# Need A New Camera



## bowie (Mar 12, 2005)

I am on the hunt for a new compact camera,would like a long zoom optical view finder was looking at the lumix tz60,but not very good in low light can anybody on here tell me if this will be better http://www.panasonic.com/uk/consumer/cameras-camcorders/lumix-digital-cameras---point-and-shoot/superzoom-cameras/dmc-tz70.html or is there any other I should be looking at cheers bowie.


----------



## Odo (Mar 22, 2009)

Hi, there are very few superzoom cameras with a viewfinder, especially compact style ones. If you need a superzoom camera with a viewfinder then the bridge style may be a better option, although they are physically bigger.

That Panasonic looks very good but it isn't cheap, you can pick up an older model Nikon, Canon or Panasonic for a great deal less if you can live without a viewfinder.

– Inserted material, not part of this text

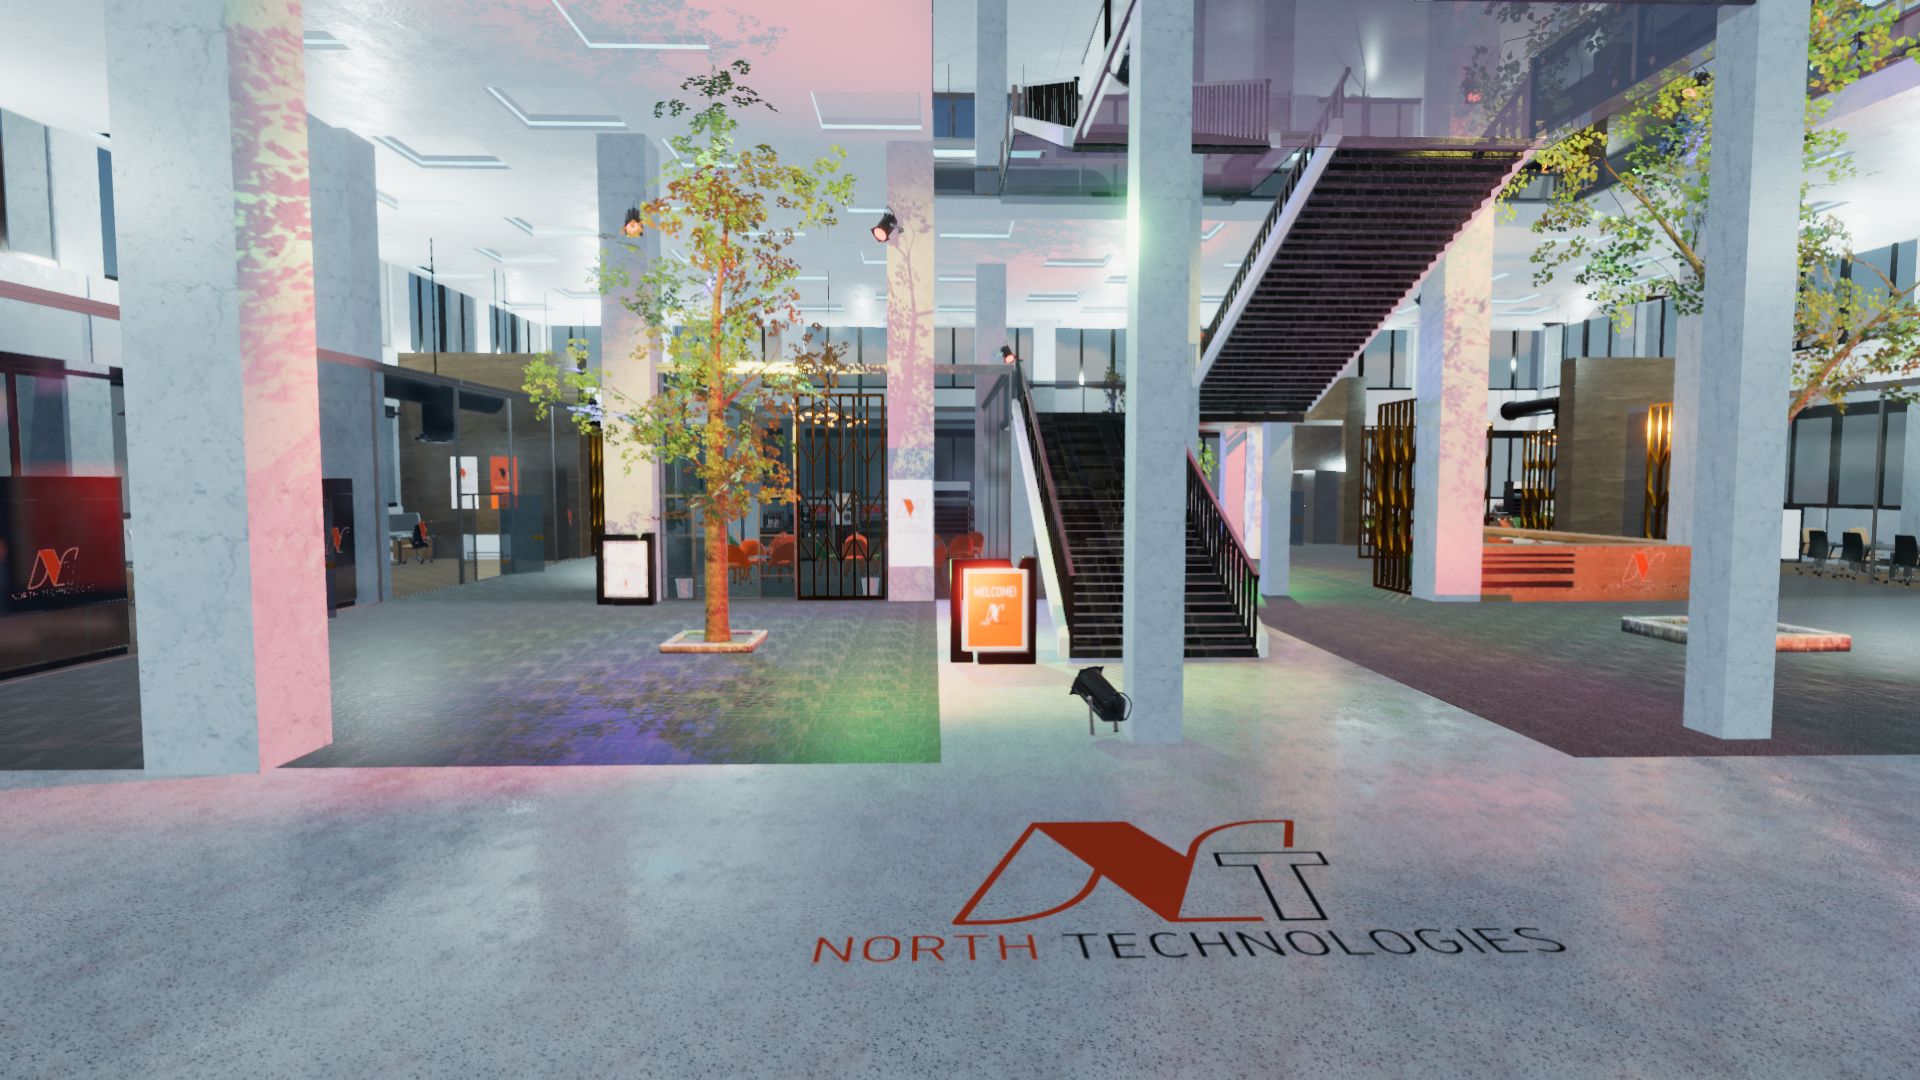 An image showing North Technologies asset pack, created with Unity Engine.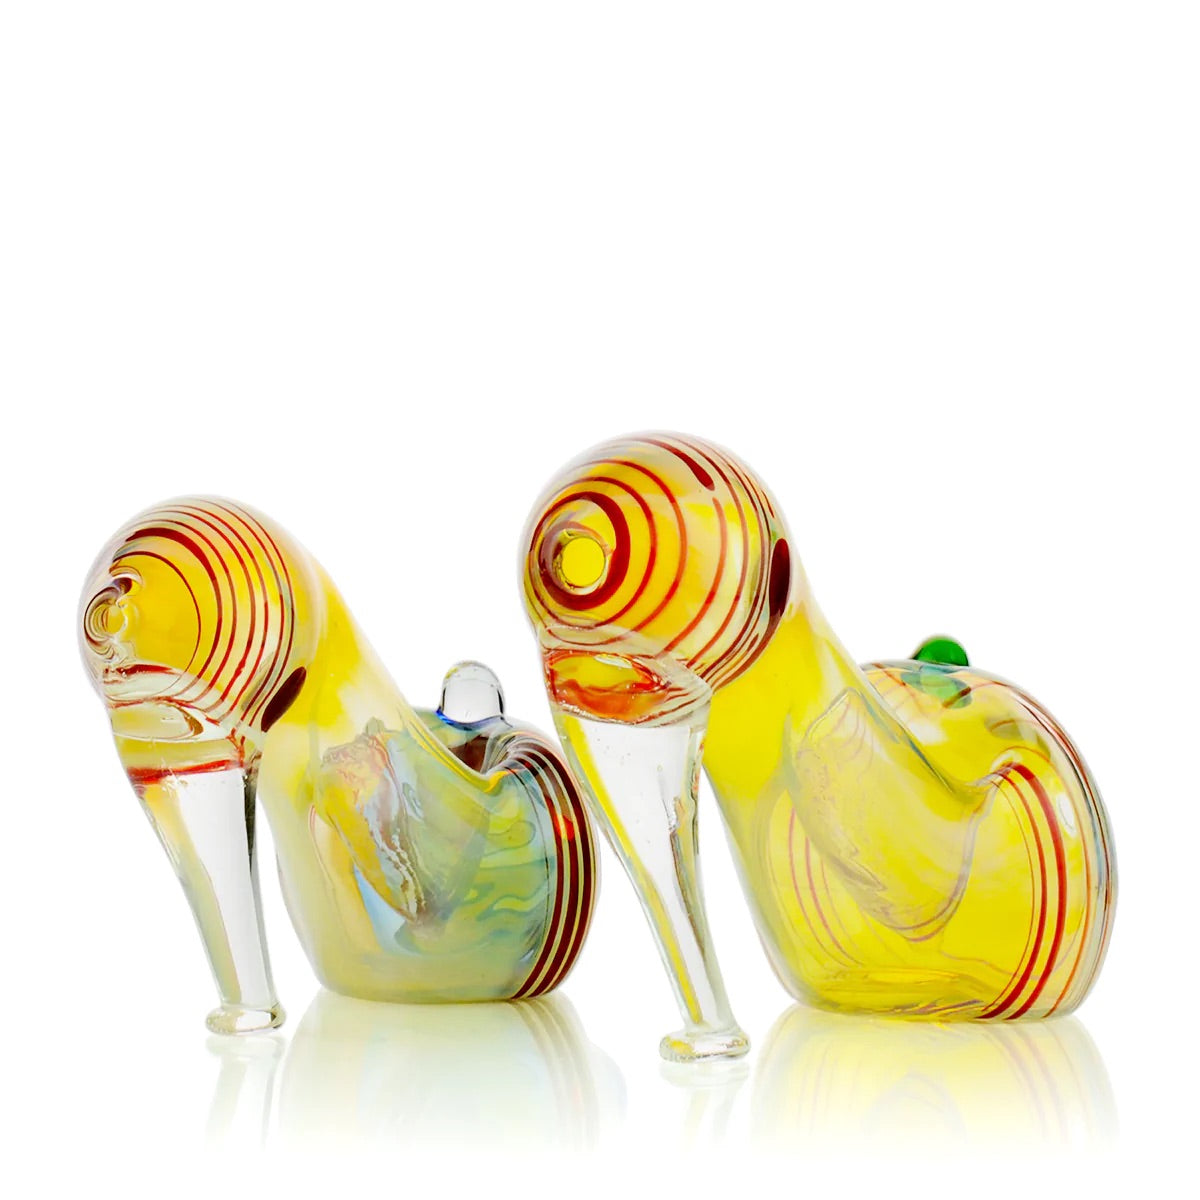 The Little Glass Slipper Hand Pipe - 5 inches WoB

I have a Nikon 9100 something that I bought very cheaply as it was a few years old, it has been excellent, much better than I thought for a compact superzoom.


----------



## bowie (Mar 12, 2005)

Odo said:


> Hi, there are very few superzoom cameras with a viewfinder, especially compact style ones. If you need a superzoom camera with a viewfinder then the bridge style may be a better option, although they are physically bigger.
> 
> That Panasonic looks very good but it isn't cheap, you can pick up an older model Nikon, Canon or Panasonic for a great deal less if you can live without a viewfinder.
> 
> I have a Nikon 9100 something that I bought very cheaply as it was a few years old, it has been excellent, much better than I thought for a compact superzoom.


thanks for the reply I have a Fujifilm FinePix HS30EXR bridge but would like something smaller for holiday need view finder for bright sun


----------



## bowie (Mar 12, 2005)

I have a hs20 not a 30 from the memory man

 :lol:


----------